BLIND FURY, unfortunately, nearly defeated me before the end. Which is a pity. Because the investigative elements of this book are actually not too bad. It does take a while for things to get moving mind you - but it's an interesting sort of a case, with the bodies of two young unidentified girls and an identified older prostitute seemingly having little in common. Aside from the circumstances of the dumping of their corpses, and the way in which they were raped and killed. Identifying the victims requires a lot of good old fashioned police investigative work - a lot of which is done by the team that Anna is working with - with flashes of insight from Anna herself. At the same time, for reasons best known to DCS Langton, Anna and a colleague also find themselves visiting a maximum security jail to discuss the case with a previously convicted multiple murderer who claims he has a unique insight into the mindset of this new killer.
Langton and Anna have a romantic history (they lived together at one point) and both have moved on. A while ago. It is mentioned, not quite as frequently as in earlier books, and it's sort of spiced up a little with some vaguely longing behaviour from Langton which seems to cause Anna to realise, frequently, that she's moved on. Moved on to the point where she forms a relationship with one of the guards on the unit where killer Cameron Welsh is held. And at this point the personal elements of the story start declaring themselves in bold face letters, with a little neon decoration for good measure.
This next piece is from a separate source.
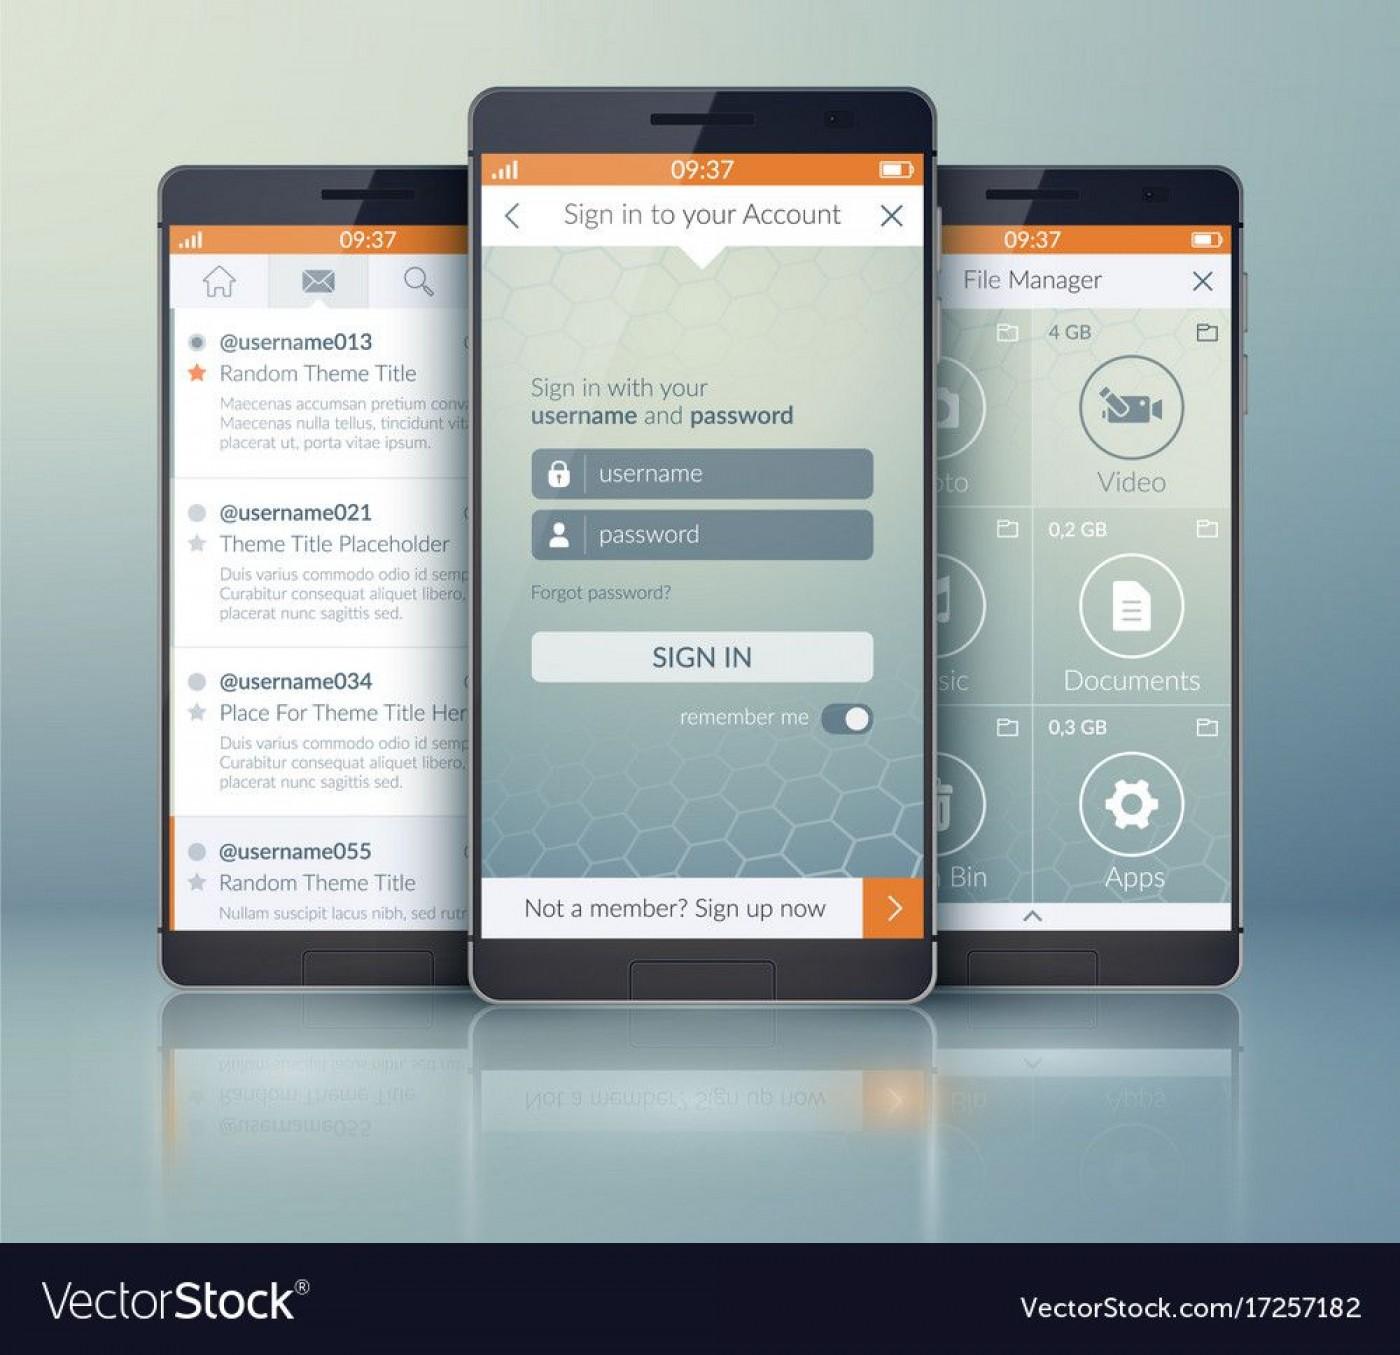 006 Impressive Mobile App Design Template Idea  Size Adobe Xd Ui Psd Free Download1400

BLIND FURY heads off into unbelievable territory fairly quickly - with the unfathomable concentration on an unconnected, unqualified, convicted killer as some sort of "expert" witness in the case. Which didn't stack up well on it's own, let alone when you also have to accept some of the leaps of brilliance or "intuition" elements of the normal Anna investigation style. Normally this sort of thing is a little easier to swallow as previous books have belted along at a good pace, but this one dragged. As the focus is increasingly on Anna and her personal life, the concentration on the actual investigation wanes - and that got really annoying, as the process of identifying the two unknown girls, connecting them to the dead prostitute and then the painstaking work required to try to identify suspects was reasonably compelling. Or at least it felt so stacked up beside the inevitability of the trainwreck that is Anna's personal life.
Overall there just wasn't enough of the good elements to hide or compensate for the increasingly sinking feeling of inevitability that hit as soon as a new man walked into Anna's life and the book dragged on to its foreseeable and really disappointing conclusion.